Video Subtitling and WebVTT

by .

We’ve been able to play video in the browser without a plugin for a couple of years now, and whilst there are still some codec annoyances, things appear to have settled down on the video front. The next step is adding resources to the video to make it more accessible and provide more options to the viewer.

We currently have no means to provide information about what’s happening or being said in the video, which means the video isn’t very accessible and the user can’t easily navigate to a particular section of the video. Thankfully, there’s a new format specification in the works called WebVTT (Web Video Text Tracks). As of now, it’s only in the WHATWG spec, but the recently established W3C Web Media Text Tracks Community Group should introduce a WebVTT spec to the W3C soon.

You may recall a similar format called WebSRT (Web Subtitle Resource Tracks) that was recently under discussion. WebSRT was renamed to, and has been replaced by, WebVTT.

A WebVTT (.vtt) file is simply plain text containing several types of information about the video:

Subtitles
The transcription or translation of the dialogue.
Captions
Similar to subtitles, but may also include sound effects and other audio information.
Descriptions
Intended to be a separate text file that describes the video through a screenreader.
Chapters
Intended to help the user navigate through the video.
Metadata
Information and content about the video, which isn’t intended to be displayed to the viewer by default, though you may wish to do so using JavaScript.

This article will mostly be talking about subtitles and captions, but it will briefly touch on chapters too.

Beyond the scope of this article but worth mentioning is the text track API, which, amongst other things, denotes how many text tracks there are and which ones have loaded and are ready for use. If you have used this API, let us know.

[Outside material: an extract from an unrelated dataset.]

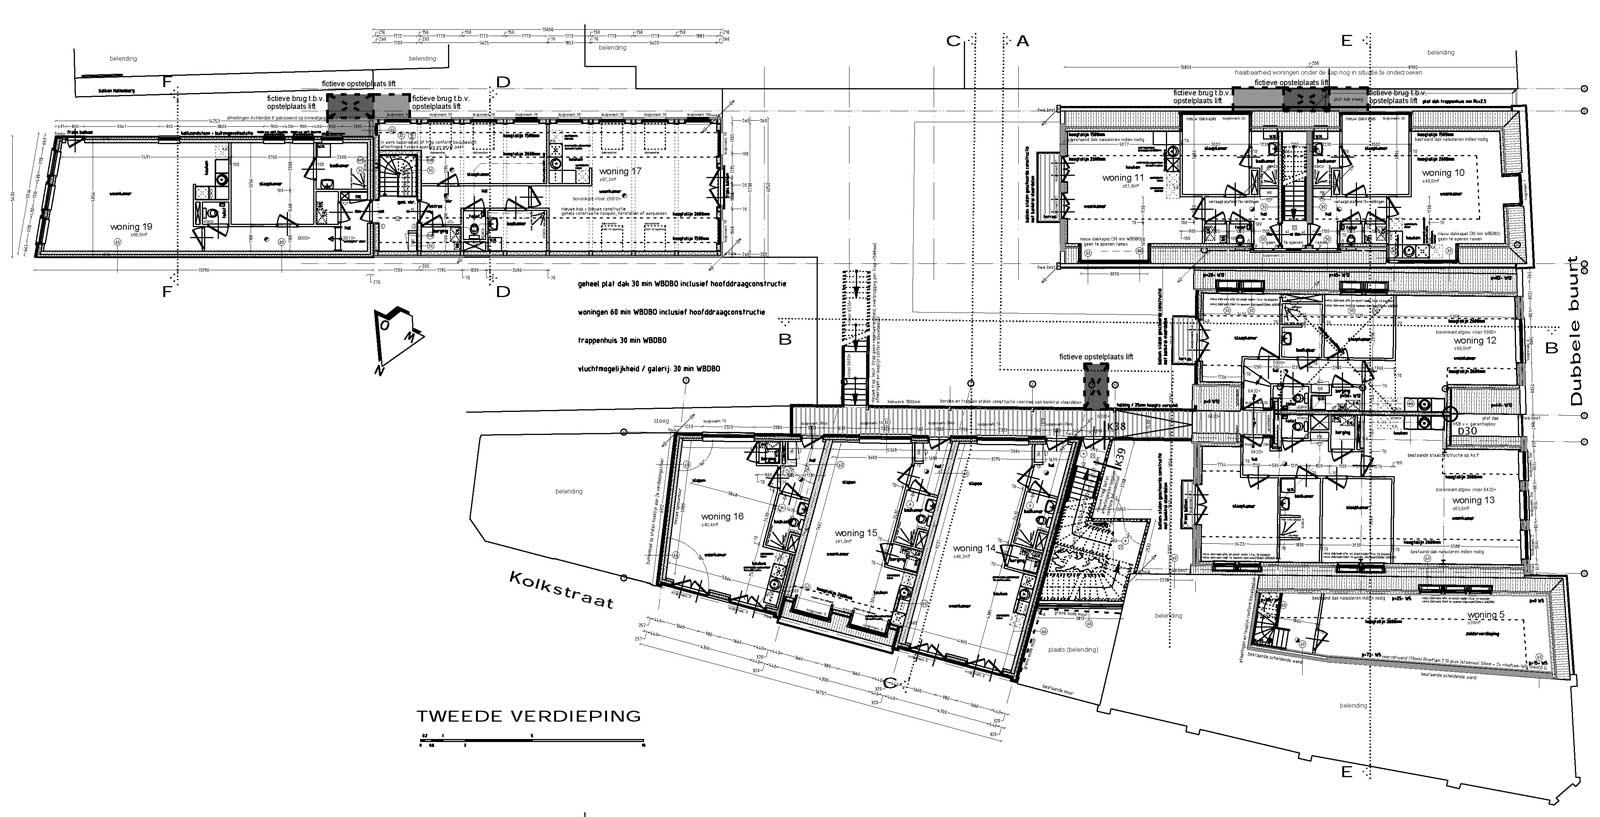 tweede verdieping - Binnenstedelijke herontwikkeling Dubbele Buurt Purmerend

How to Make and Link to a WebVTT file

All you need to make a WebVTT file is a simple text editor. Type WEBVTT as the first line of the file and save it as a .vtt file. In the future, we expect existing captioning tools such as Universal Subtitles to export to WebVTT format.

WEBVTT
The simplest possible valid WebVTT file

That’s all you need to get started. Next, we have to link to the file in the HTML document. We do this via the <track> element, which is a child of the video element. The <track> element has several optional attributes:

  • the source WebVTT file (src),
  • the language of the track (srclang),
  • a user-readable label, and
  • what kind of track it is. The values of the kind attribute come from the list above (i.e., subtitles, captions, etc.).

In the following example, we’re using a <track> element for subtitles:

<video width="640" height="480" controls>
  <source src="video.mp4" type="video/mp4" />
  <source src="video.webm" type="video/webm" />
  <track src="subtitles.vtt" kind="subtitles" srclang="en" label="English" />
  <!-- fallback for rubbish browsers -->
</video>

A few notes about the attributes:

  • If no kind is specified, the default is subtitles.
  • If the kind is subtitles, then srclang is required.
  • There should not be two tracks of the same kind with the same label.

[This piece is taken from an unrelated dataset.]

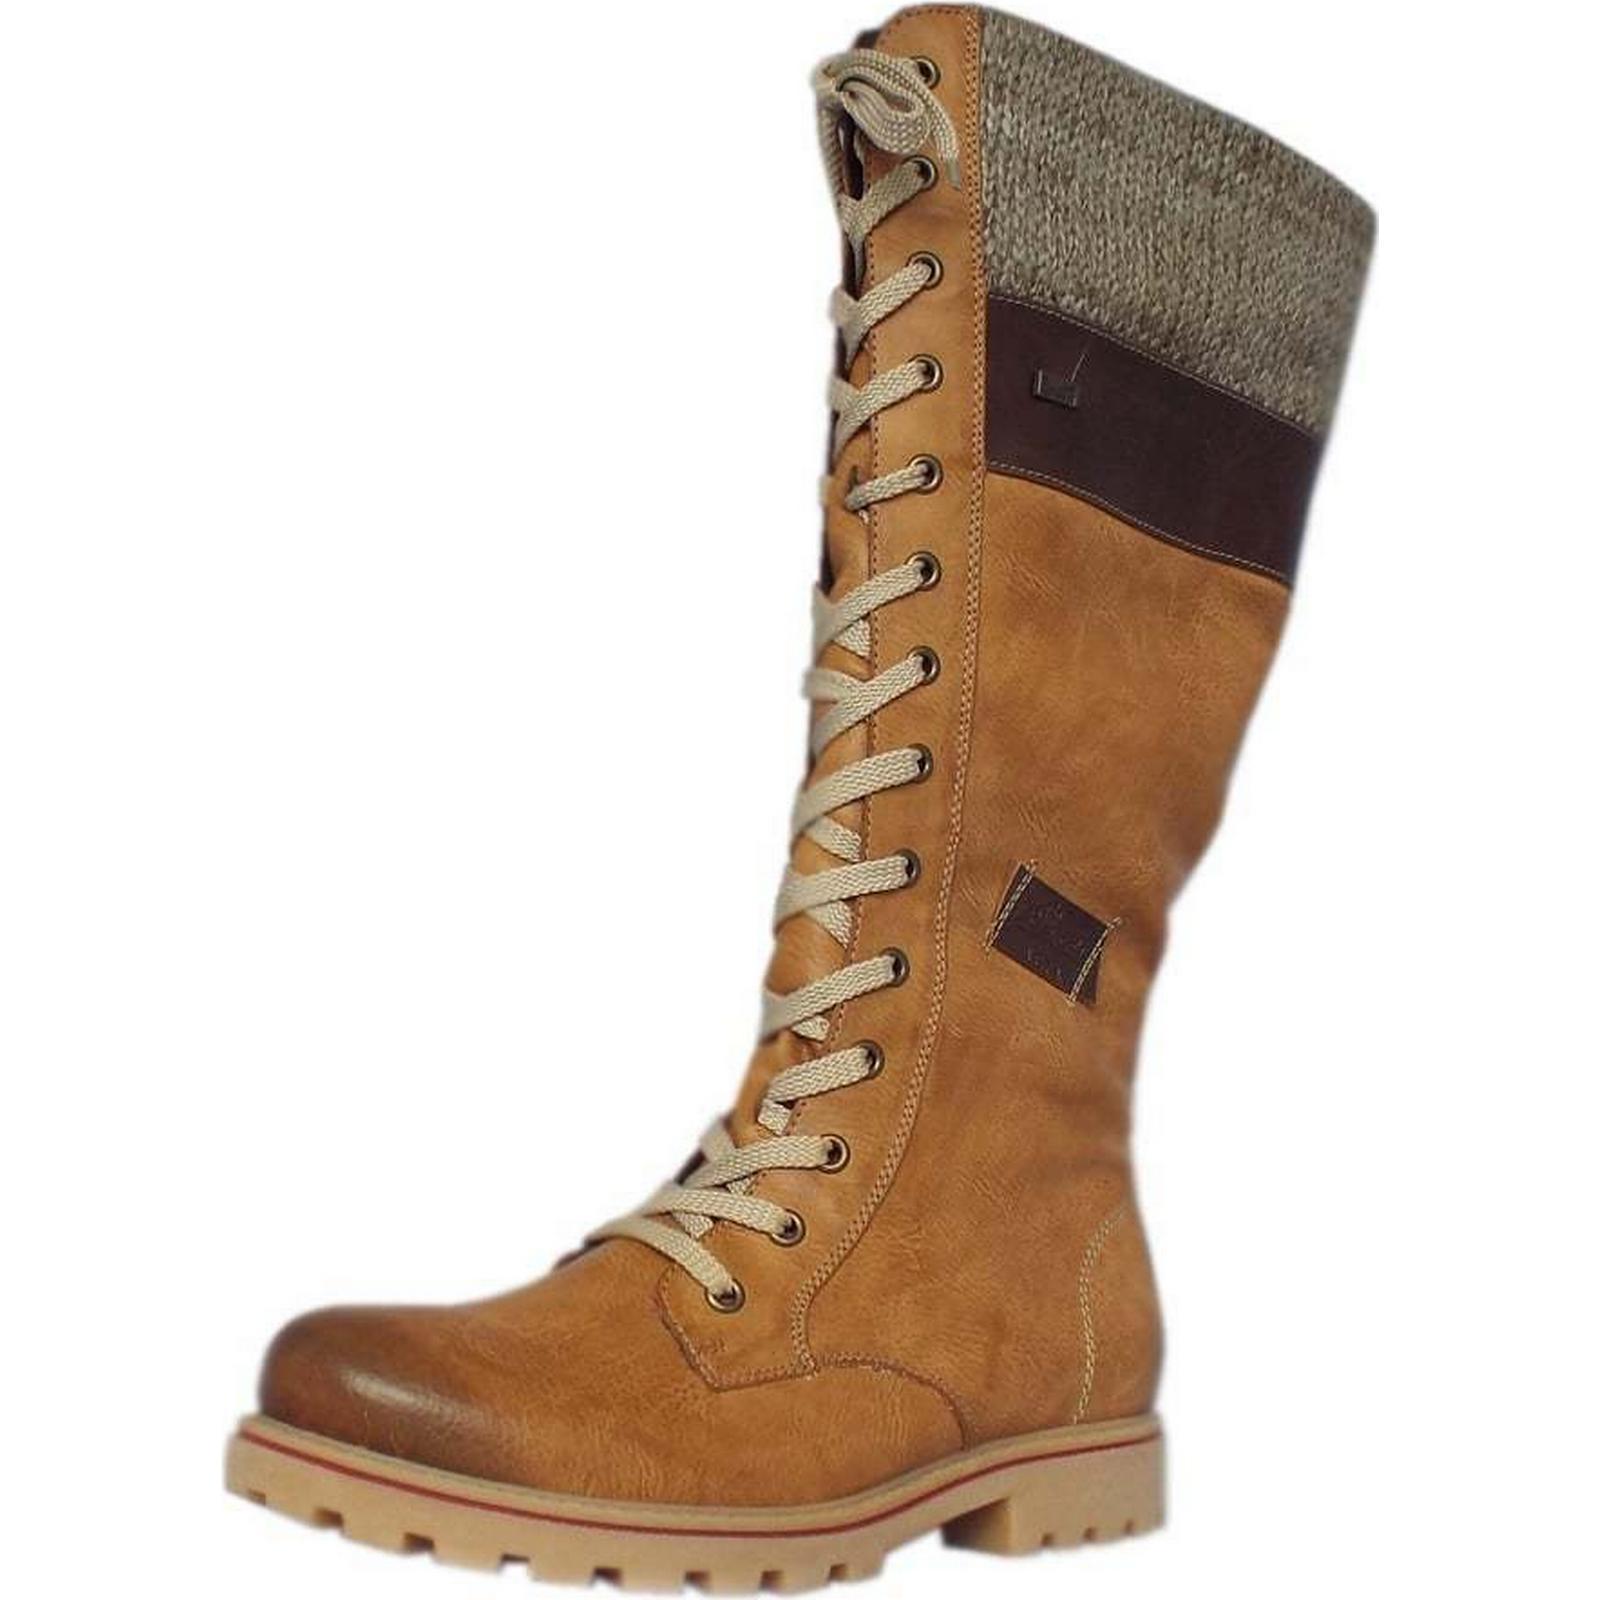 rieker snowboard rieker mesdames longtemps bottes taille: taille: taille: 35, couleur sable f0a24b

In the above example, we use a <video> element with two different <src> elements (for cross-browser loveliness). After the sources comes the <track> element. You can have several <track> elements as you might have subtitles, captions, and descriptions all in different languages.

<track> doesn’t presuppose a particular file format. the TTML format, but this format will not be implemented by other browser vendors.

WebVTT Contents

We now know how to make a WebVTT file and how to reference it in an HTML document, but what goes inside it? Within the file, we list what are known as “cues”. The WebVTT file might only have one cue, but it can contain as many as you want. Each cue starts with an ID, followed by the time settings, followed by the text. Each cue is separated by a blank line. Here’s an example of captions:

WEBVTT

1
00:00:01.000 --> 00:00:10.000
This is the first line of text, displaying from 1-10 seconds

2
00:00:15.000 --> 00:00:20.000
And the second line of text
separated over two lines
WebVTT example content

The above example has two cues. Times must be written in hh:mm:ss.mmm format, so the timings in this example occur in the first twenty seconds. The second cue will split the text over two lines automatically.

If you have a segment of text that needs to appear in a karaoke/paint-on caption style, then you can place timers inline with text:

1
00:00:01.000 --> 00:00:10.000
Never gonna give you up <00:00:01.000> Never gonna let you down <00:00:05.000> Never gonna run around and desert you
Karaoke-style captioning

Styling Options

The previous examples specify the minimum configuration you need for subtitling and captioning, but you can style your captions too. Let’s start with the cue settings, which are done on the same line as the time settings:

D:vertical / D:vertical-lr
Display the text vertically rather than horizontally. This also specifies whether the text grows to the left (vertical) or to the right (vertical-lr).
L:X / L:X%
Either a number or a percentage. If a percentage, then it is the position from the top of the frame. If a number, this represents what line number it will be.
T:X%
The position of the text horizontally on the video. T:100% would place the text on the right side of the video.
A:start / A:middle / A:end
The alignment of the text within its box – start is left-aligned, middle is centre-aligned, and end is right-aligned.
S:X%
The width of the text box as a percentage of the video width.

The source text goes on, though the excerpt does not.